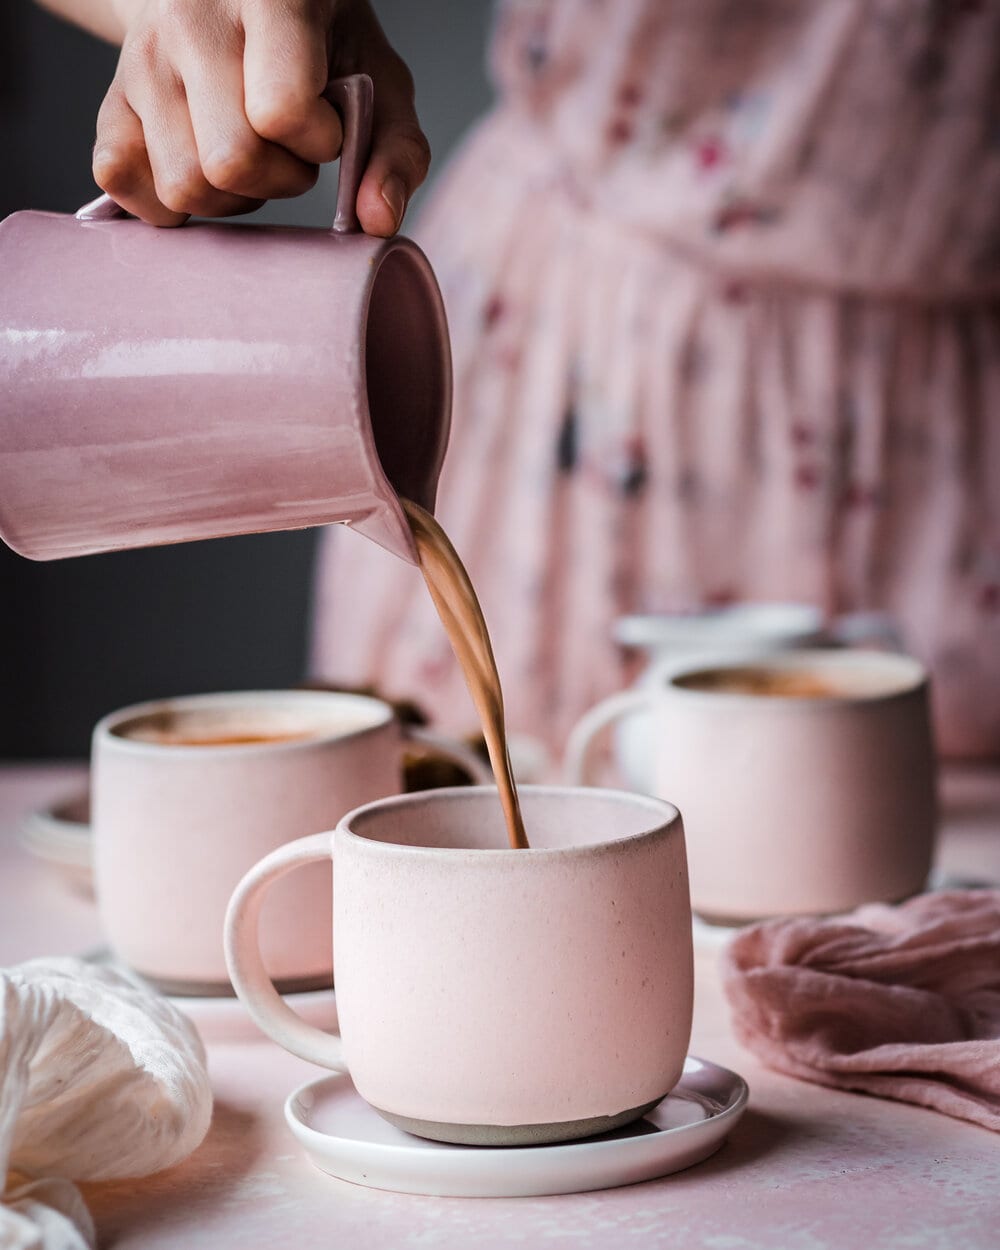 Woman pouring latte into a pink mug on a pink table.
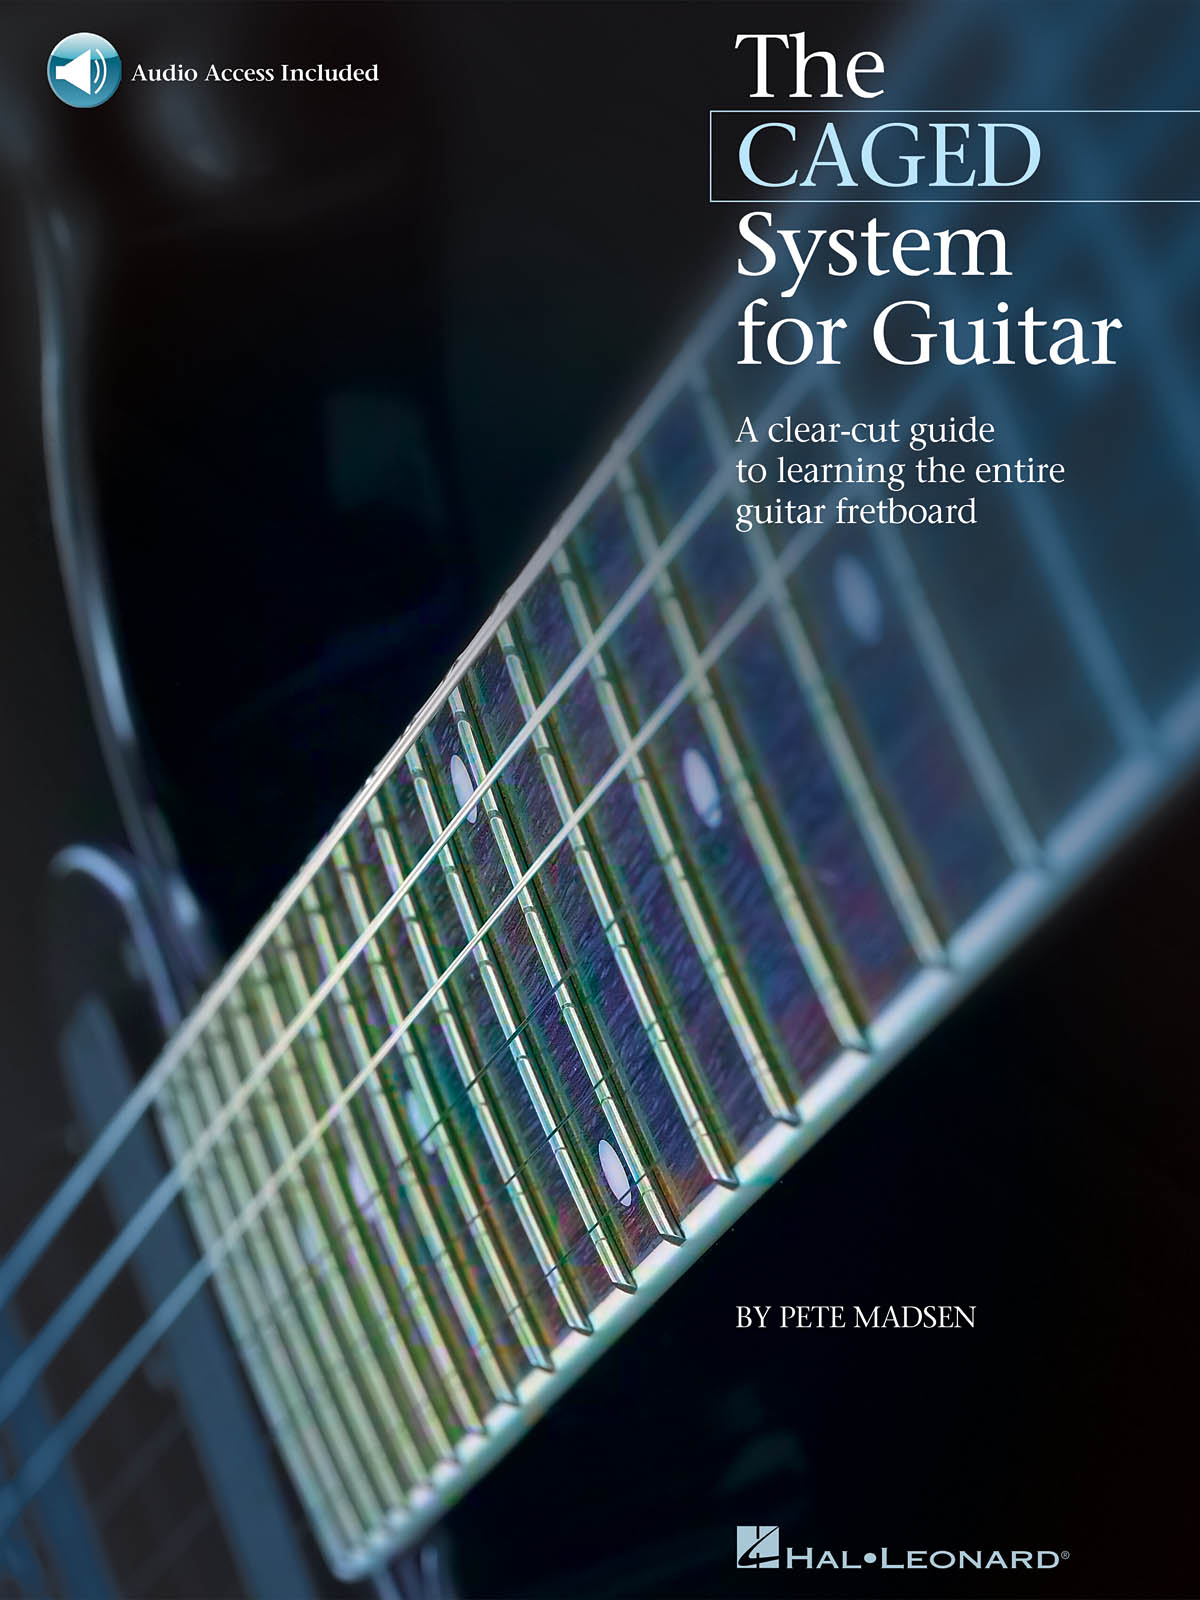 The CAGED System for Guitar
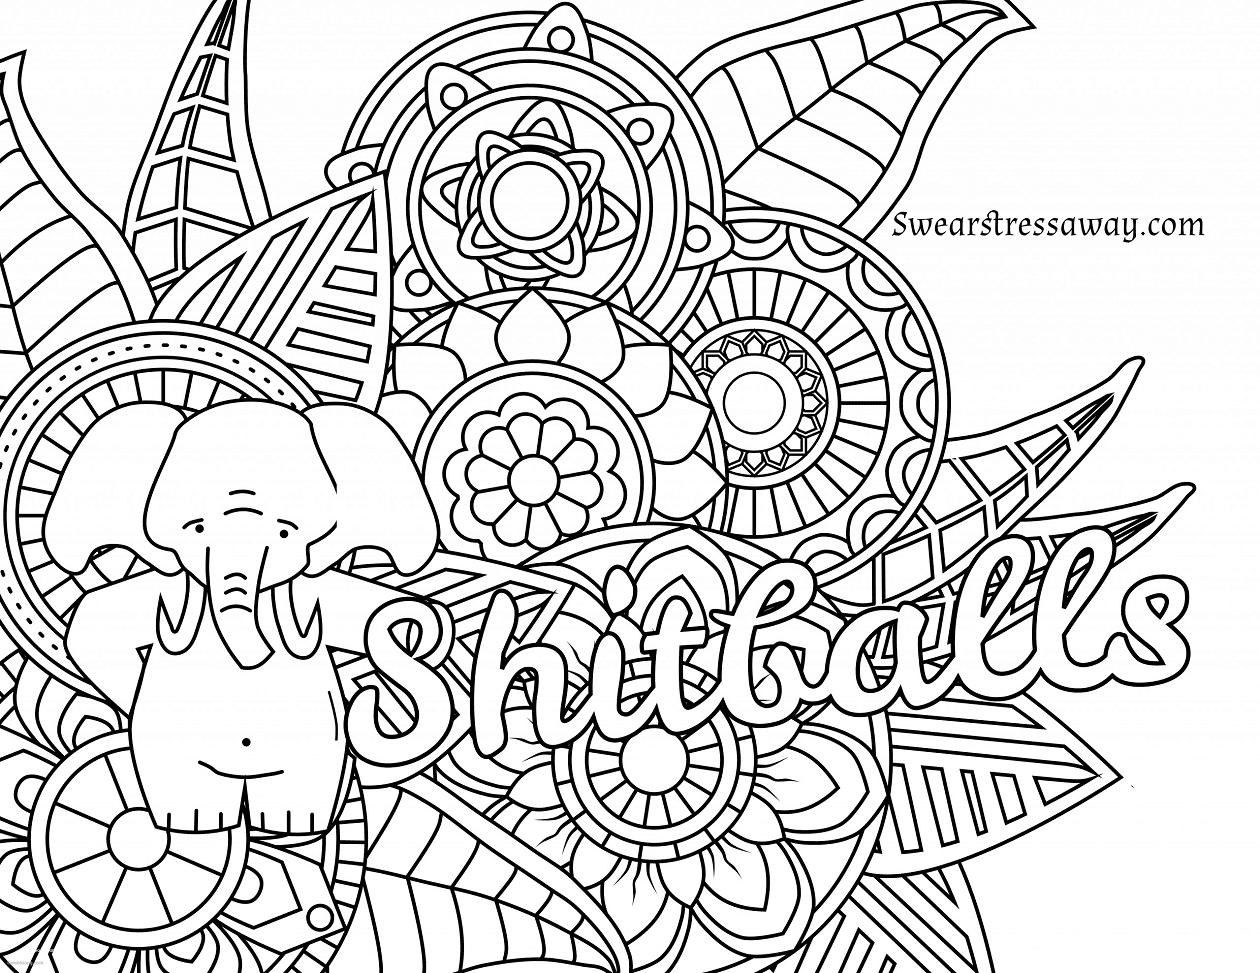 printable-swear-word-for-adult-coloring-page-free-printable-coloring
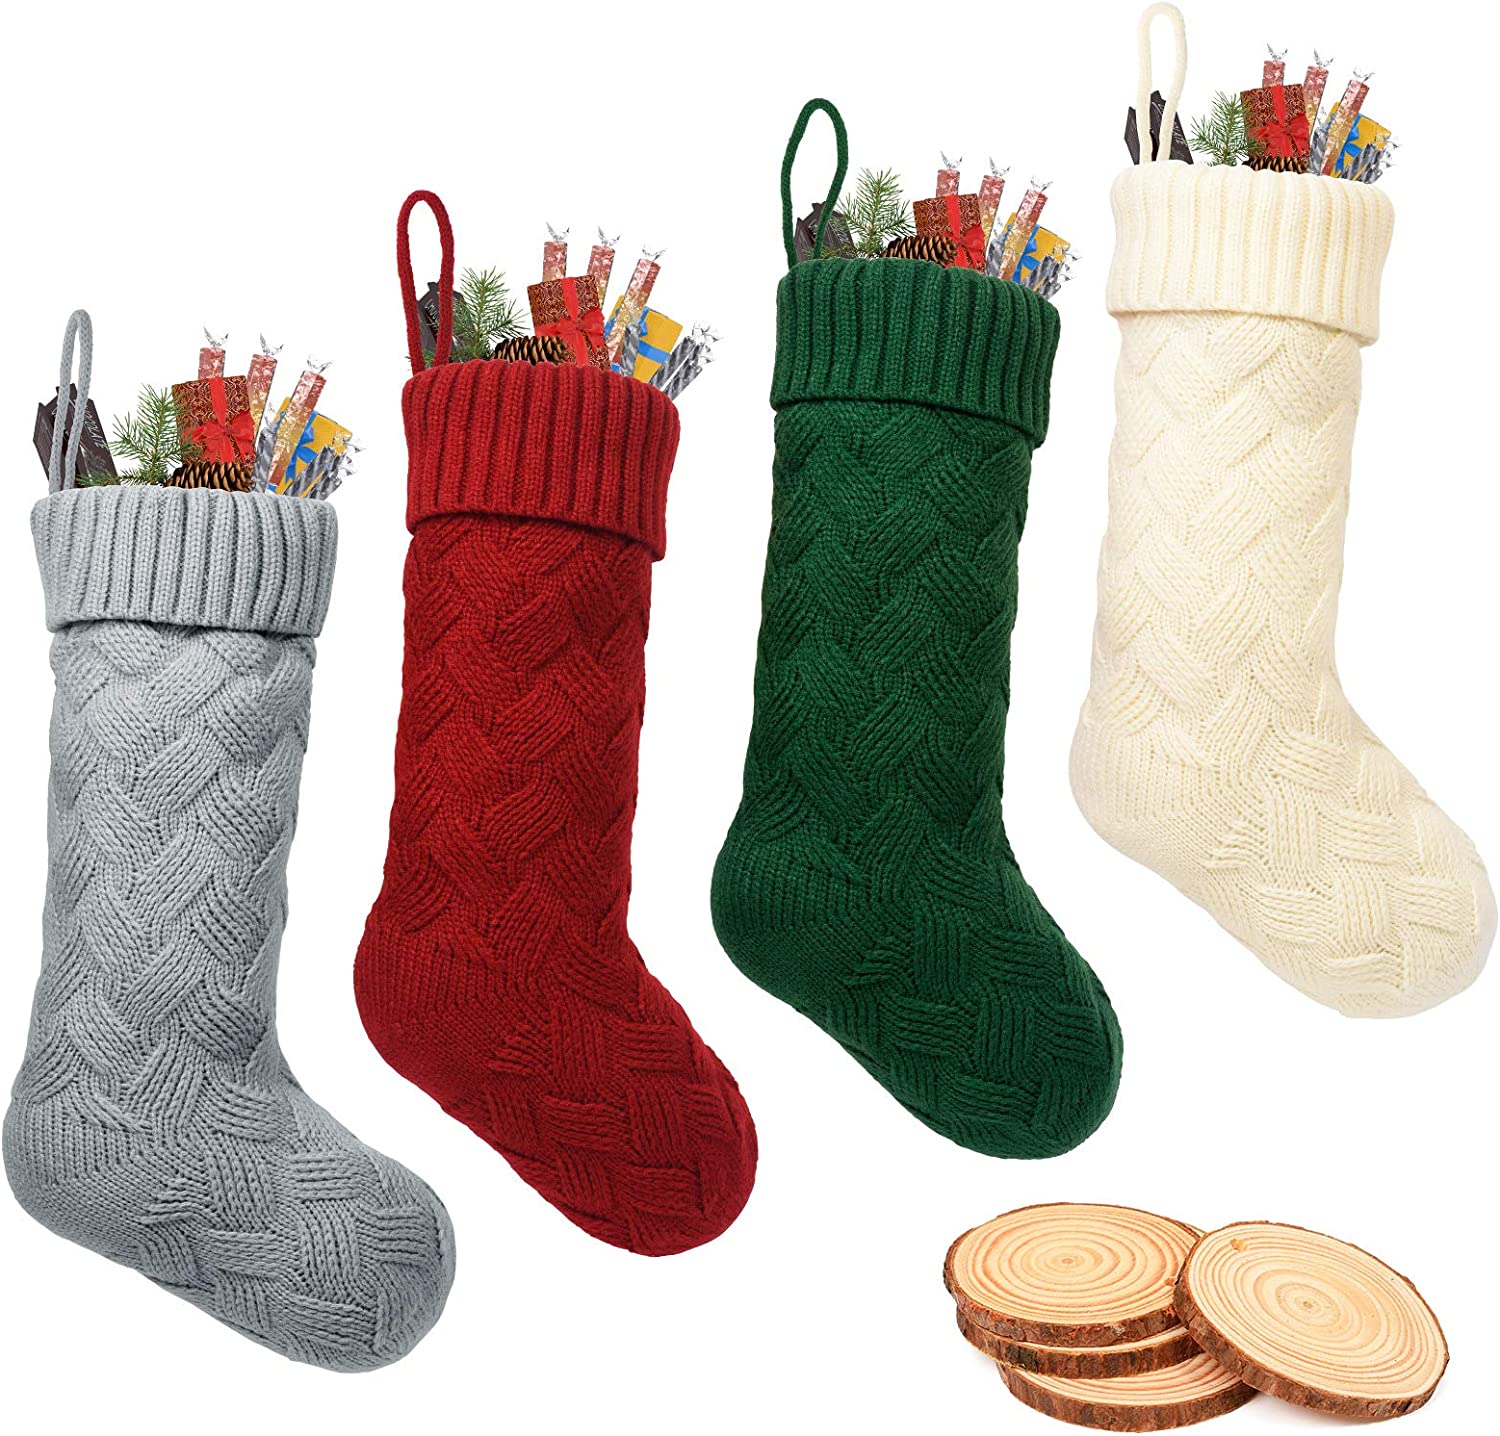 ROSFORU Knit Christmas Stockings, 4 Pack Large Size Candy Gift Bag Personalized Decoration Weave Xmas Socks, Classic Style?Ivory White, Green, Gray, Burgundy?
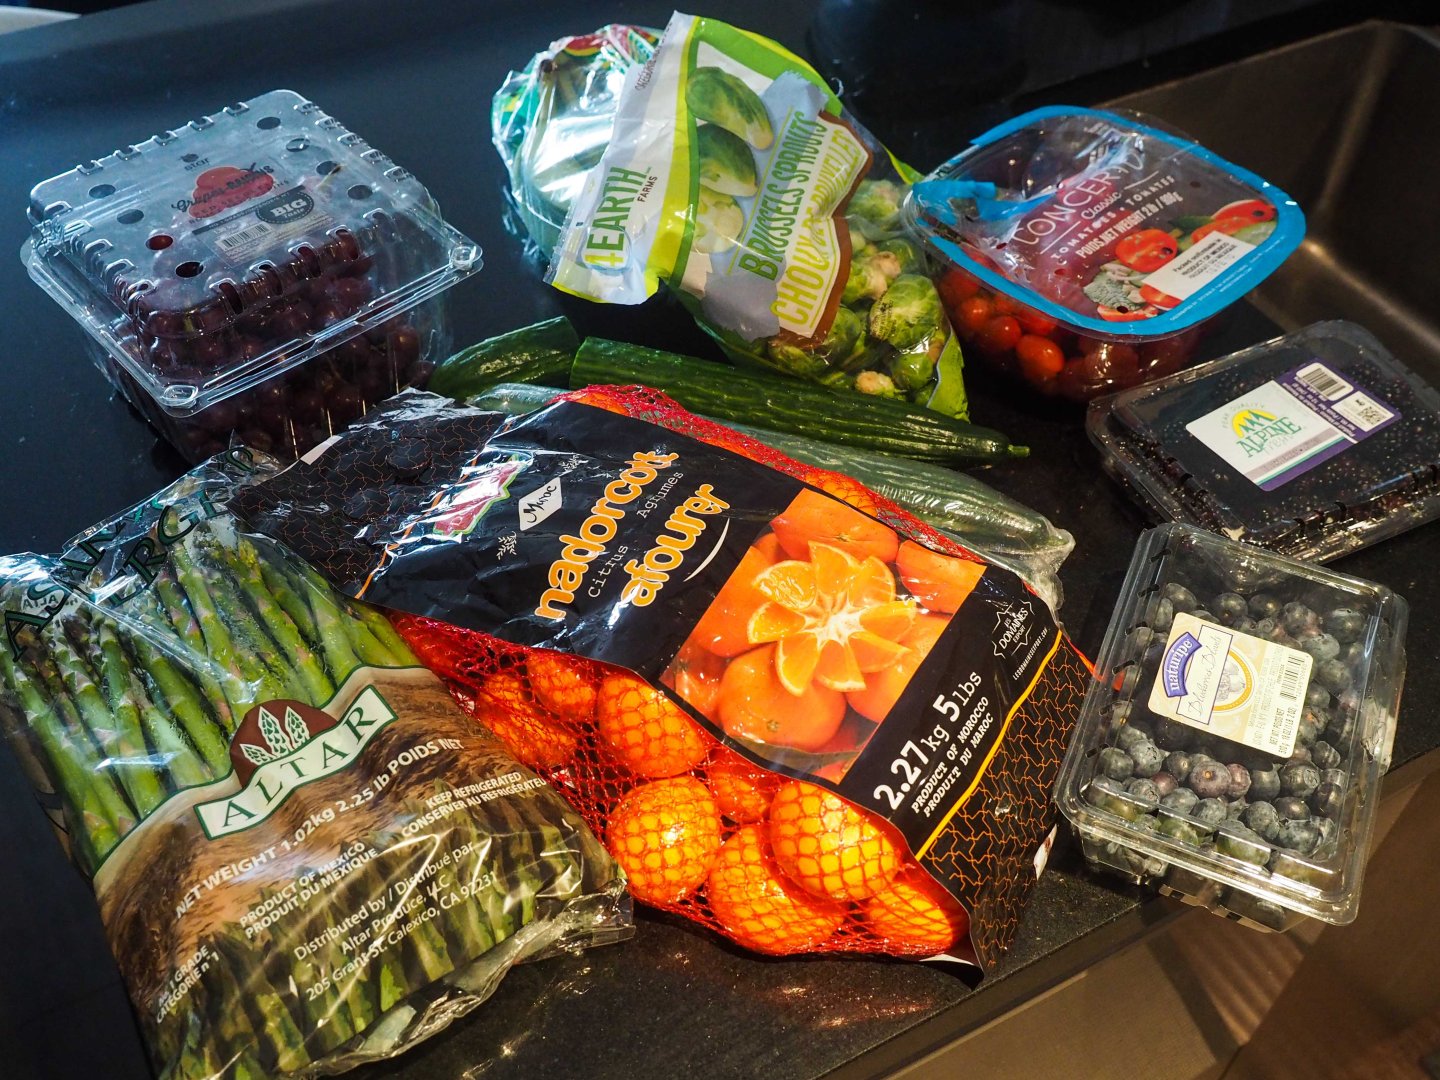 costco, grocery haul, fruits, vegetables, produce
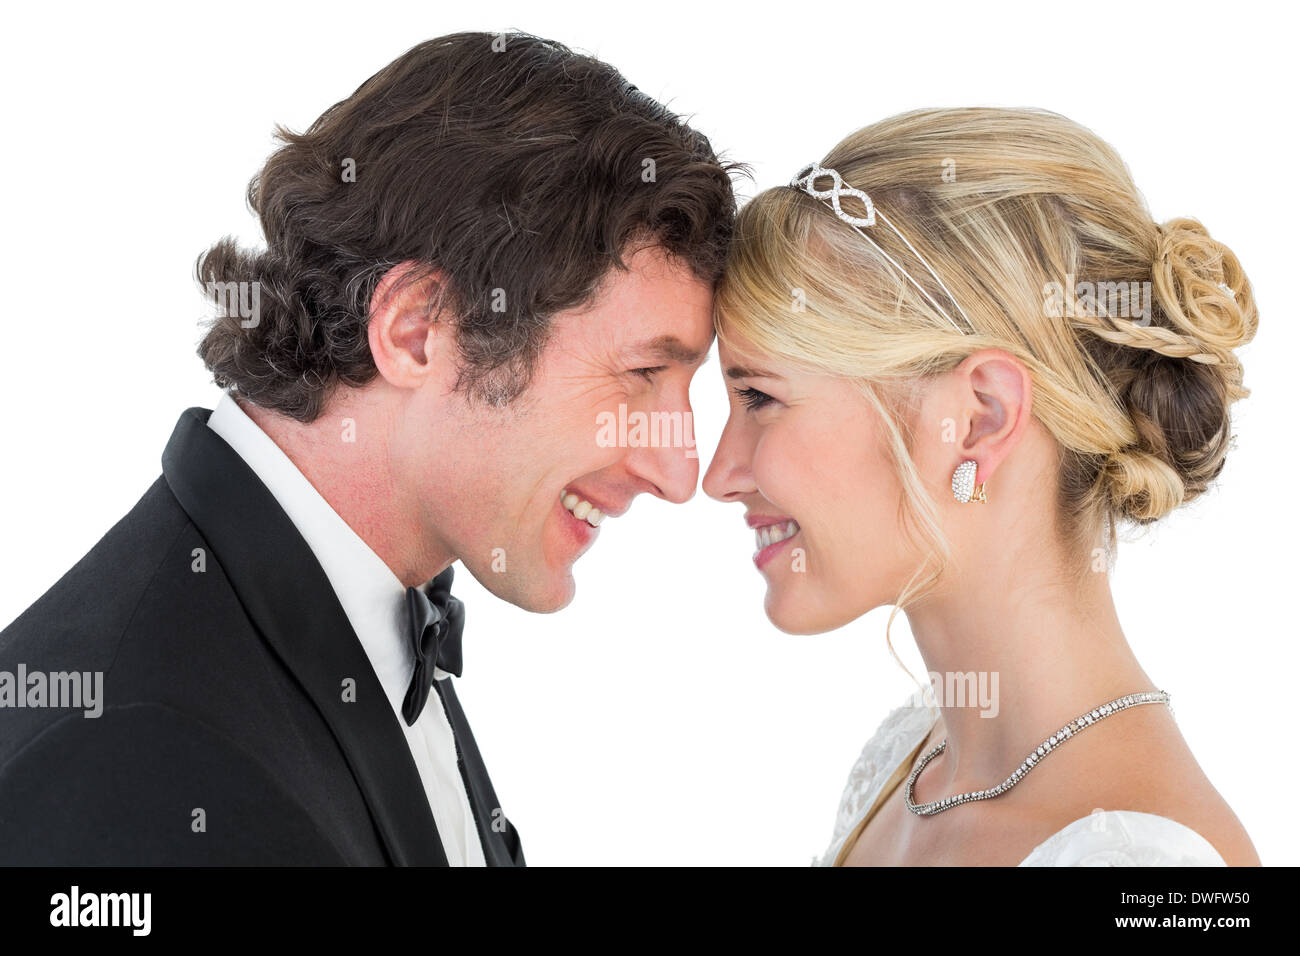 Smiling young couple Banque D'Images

▶ _Work required_: All of the data gets printed again exactly; the pictures do not.

▶ _Answer to the problem_:
 Woman pouring latte into a pink mug on a pink table.
 The CAGED System for Guitar
 printable-swear-word-for-adult-coloring-page-free-printable-coloring
 ROSFORU Knit Christmas Stockings, 4 Pack Large Size Candy Gift Bag Personalized Decoration Weave Xmas Socks, Classic Style?Ivory White, Green, Gray, Burgundy?
 costco, grocery haul, fruits, vegetables, produce
 Smiling young couple Banque D'Images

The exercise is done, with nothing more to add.